I wanted to close that gap without taking the human out of the decision. The hackathon guidance said it plainly: the best projects keep a human in the loop and give engineers a clearer next move rather than automating for its own sake. That single idea shaped the entire design. Loop is a copilot, not an autopilot.

What it does

Loop runs a real, end-to-end resolution loop on top of live Splunk data:

  1. Detect. It confirms the anomaly and pinpoints its onset minute by querying Splunk directly for p95 latency by minute on the affected service.
  2. Diagnose. It forms competing, falsifiable hypotheses (traffic spike, payment gateway, database pool, bad deploy), writes SPL for each, runs them against Splunk, and keeps only the hypothesis the real data supports. Red herrings are ruled out by evidence, not by guesswork.
  3. Correlate across domains. It links the observability signal, the latency spike, to the platform and CI/CD signal, the exact deployment event that introduced the regression. Connecting signals across domains is something Splunk's unified data makes uniquely possible, and it is what turns a symptom into a cause.
  4. Propose, then wait. It drafts the concrete remediation, both the rollback action and the code-level fix for the underlying anti-pattern, presents it with the supporting evidence, and then halts. Nothing is applied until a human reviews it and clicks Approve.
  5. Verify.

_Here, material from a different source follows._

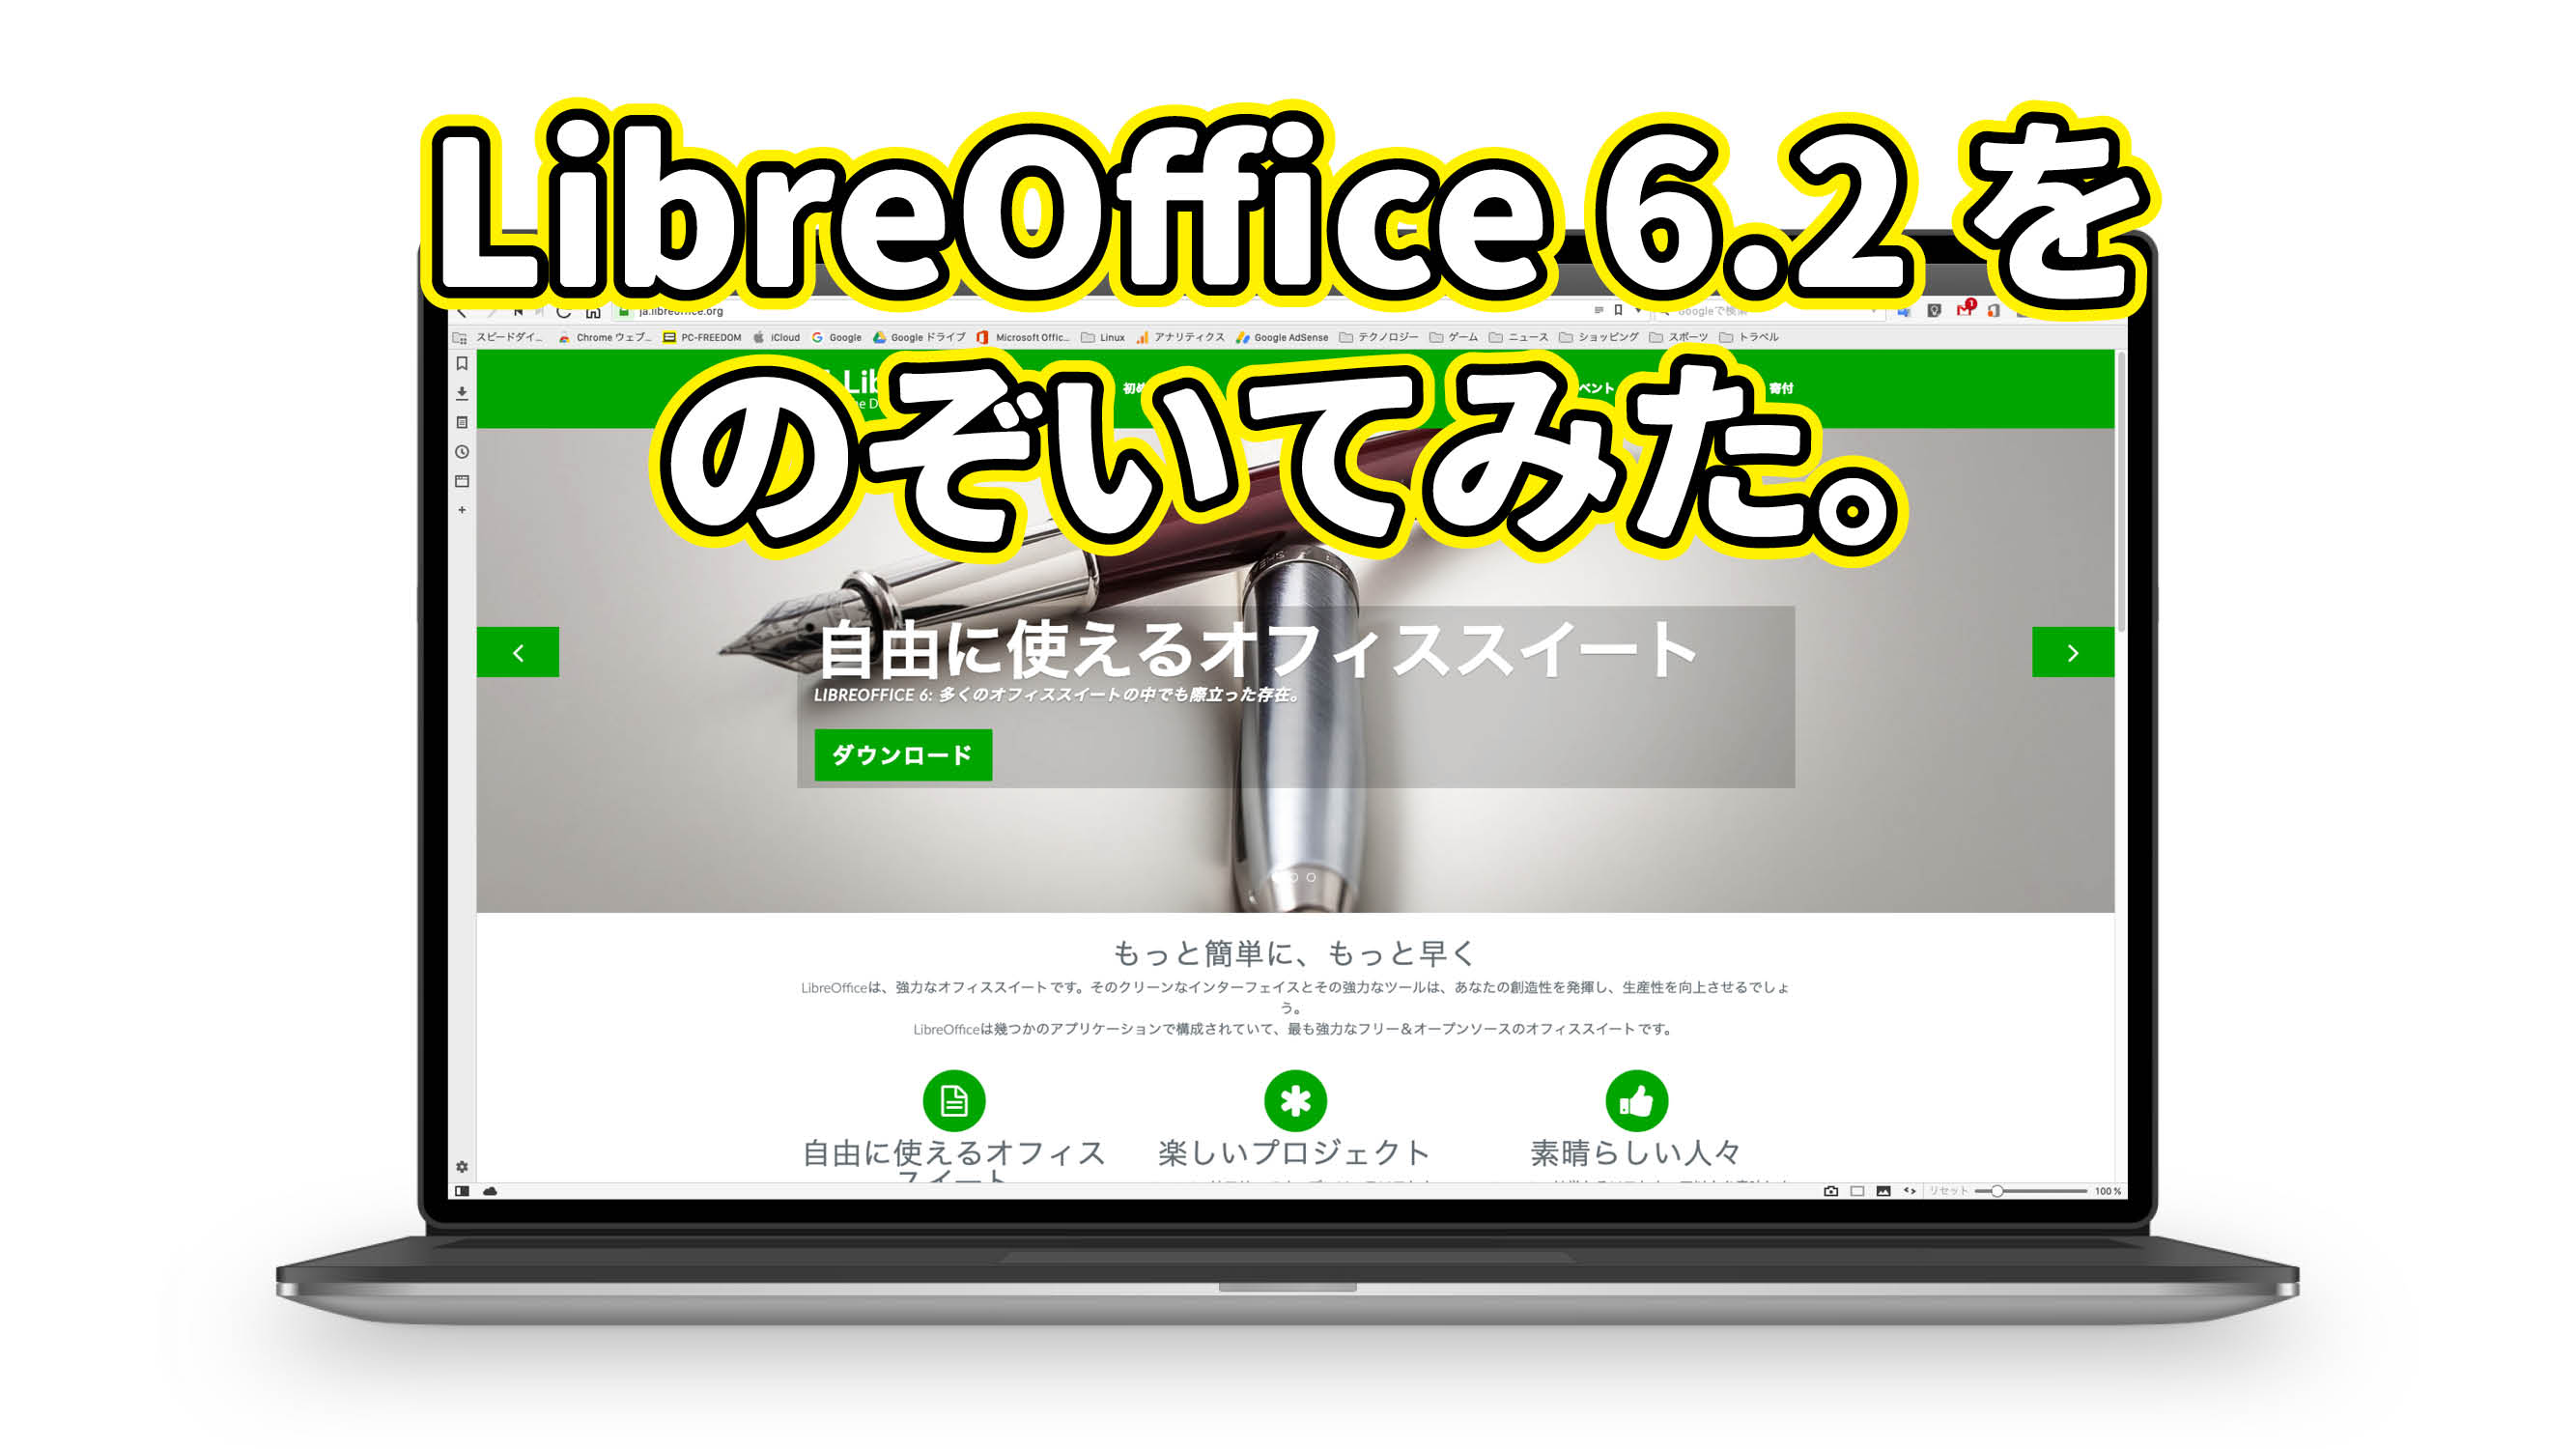 LibreOffice 6.2 をのぞいてみた。

After approval, it queries Splunk again over the post-fix window and proves the metric returned to baseline. Resolution is evidence-backed, not a status flip.
  6. Learn. It stores the incident's signature in a vector memory. When a similar pattern recurs, even on a different service, Loop recognizes it instantly and presents the known fix for one-click approval, collapsing time to resolution while keeping the human in command.

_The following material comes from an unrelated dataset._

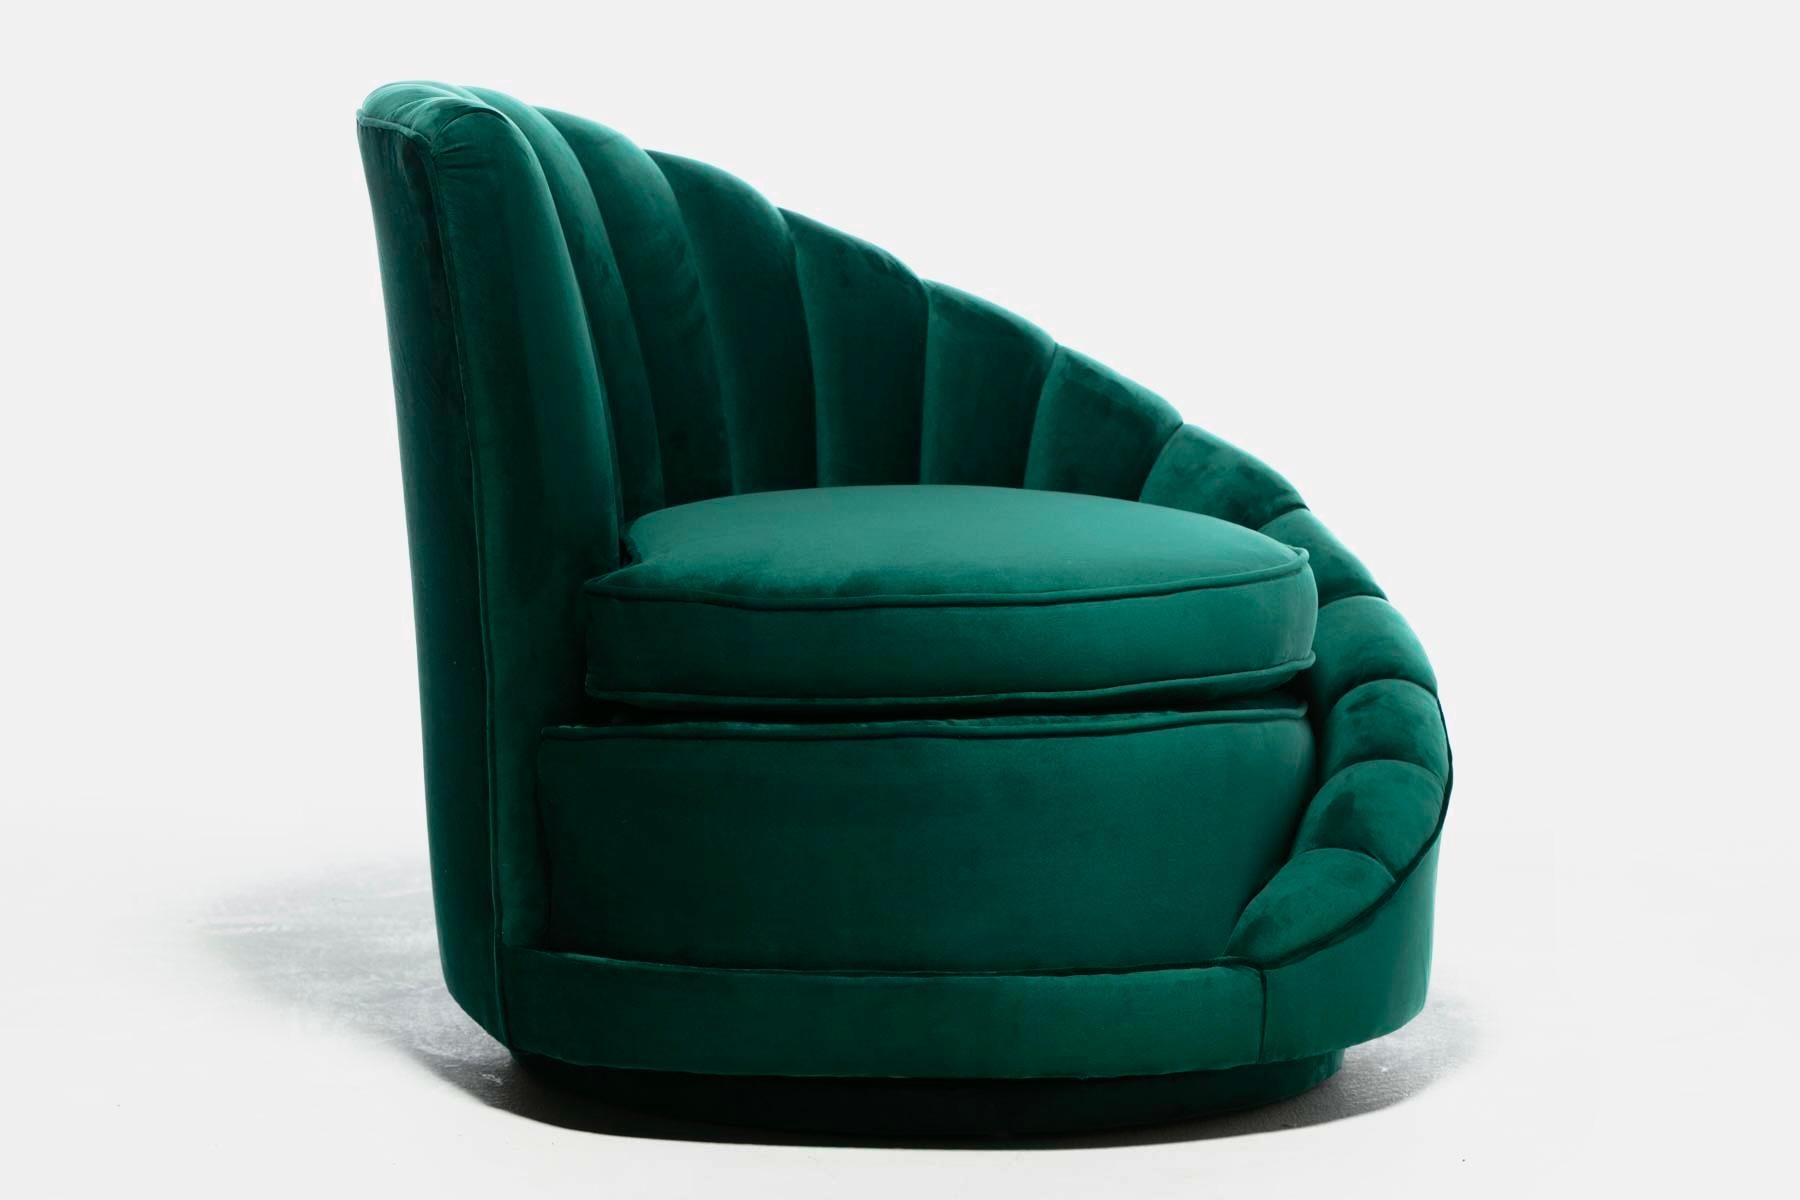 Hollywood Regency Glamorous Asymmetrical Swivel Chairs in Emerald Green Velvet For Sale 3

The headline moment is the second incident. The first one teaches Loop. The second one, a different service with the same underlying anti-pattern, is recognized immediately and resolved in a single click, with the human still making the call.

How I built it

The system is a monorepo with two deployable services and a real Splunk backend.

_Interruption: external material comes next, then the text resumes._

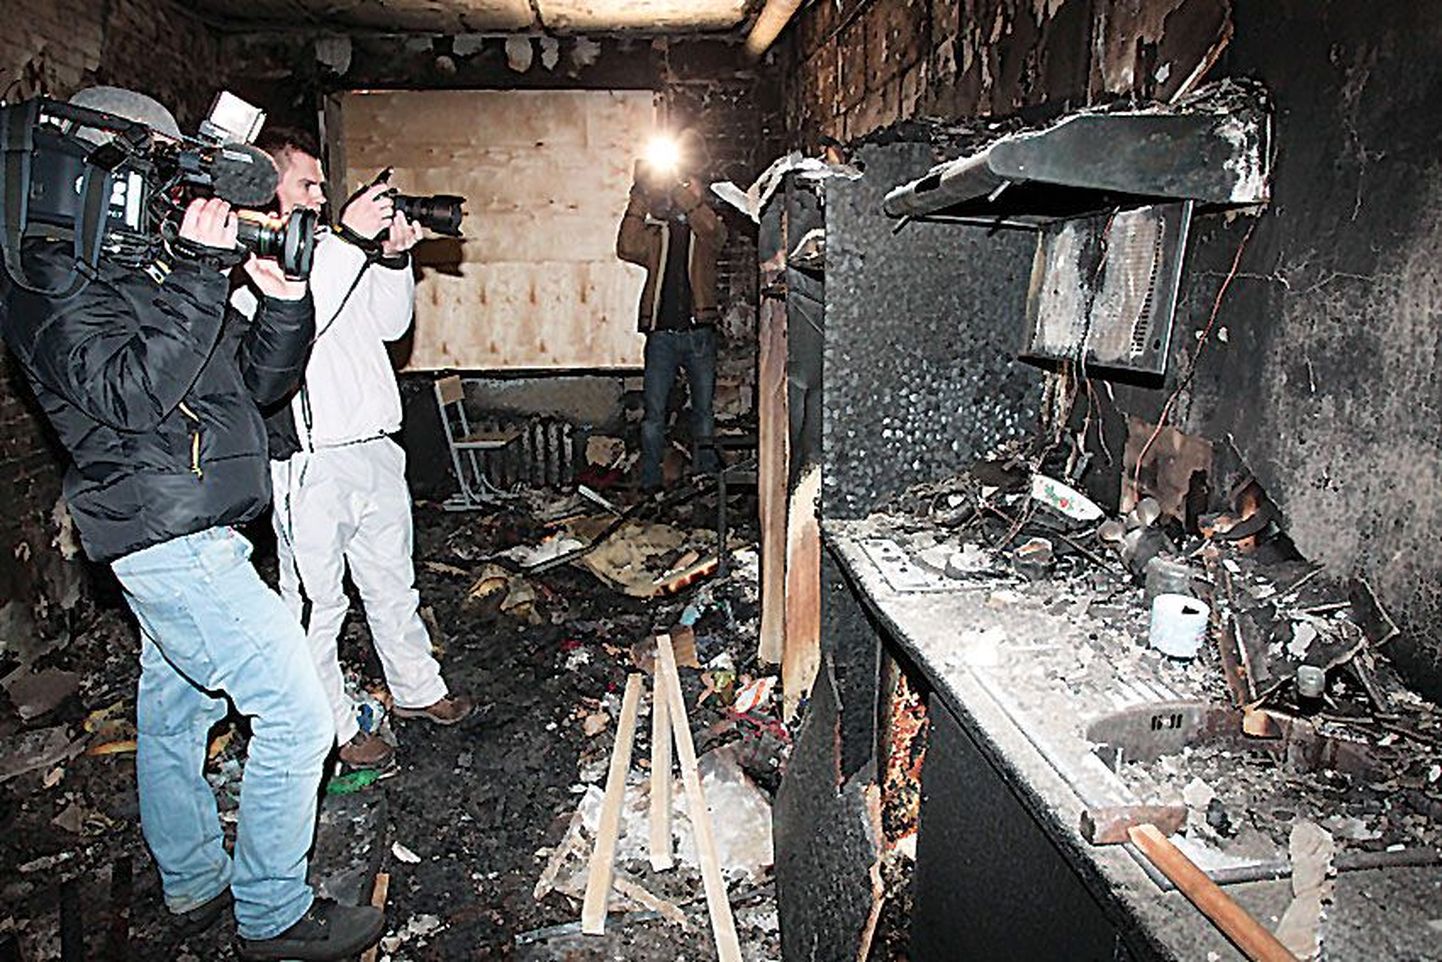 В ночь на воскресенье в социальном доме в Таллинне произошел пожар, люди не пострадали.

  • Agent service (Python, FastAPI). This is the brain. It holds the loop as an explicit state machine that pauses at the human approval gate, a Model Context Protocol client that talks to the Splunk MCP Server, the hosted-model layer, and the incident-memory store. It streams progress over Server-Sent Events and writes every step to the database so the interface can animate in real time.
  • Splunk MCP Server. Every stage is grounded in real queries. The agent connects to the Splunk MCP Server over streamable HTTP with token authentication and runs SPL through the run_splunk_query tool against a seeded e-commerce telemetry index. There is no mocked data in the resolution path.
  • Splunk Hosted Models. Diagnosis reasoning and remediation drafting run on Foundation-Sec-8B, a Splunk hosted model, behind a swappable interface so additional model paths can be added.
  • Web app (Next.js, TypeScript, Tailwind). The interface visualizes the loop as a ring of five arcs that light up and close as the agent advances. It surfaces the live reasoning trace with the actual SPL it ran, the cross-domain correlation moment, the approval gate as a first-class interaction, a before-and-after latency chart pulled from real numbers, and a time-to-resolution counter that drops sharply on the recurring incident.
  • State and memory (Supabase, Postgres with pgvector). Incidents, the live step trace, and the incident-signature memory live here, with realtime subscriptions driving the interface.

To make the demo deterministic and reproducible by a judge, I built a seed generator that plants two incidents in the telemetry: a checkout service where a specific deploy introduces an N+1 query pattern that spikes p95 latency, followed by a rollback and a clean recovery, and a second service that later ships the same anti-pattern. The recovery period is what makes the Verify stage real, and the second incident is what makes the Learn stage visible.

Challenges I ran into

The first challenge was strategic, not technical. My initial concept was a fully autonomous remediation agent. Reading Splunk's guidance carefully made it clear that full autonomy was a liability rather than a strength, so I redesigned the flow around a mandatory human approval gate. The agent does all of the work and then deliberately stops and waits for a person. This turned out to be a better product and a stronger demo, because it shows speed and control at the same time.

The second challenge was the Splunk integration itself. Getting the MCP Server connection right meant working through role configuration, generating tokens from the correct place inside the app rather than the general token settings, and confirming an end-to-end query before building anything on top of it. I treated that first successful live query as a hard gate and refused to build the agent logic until it passed.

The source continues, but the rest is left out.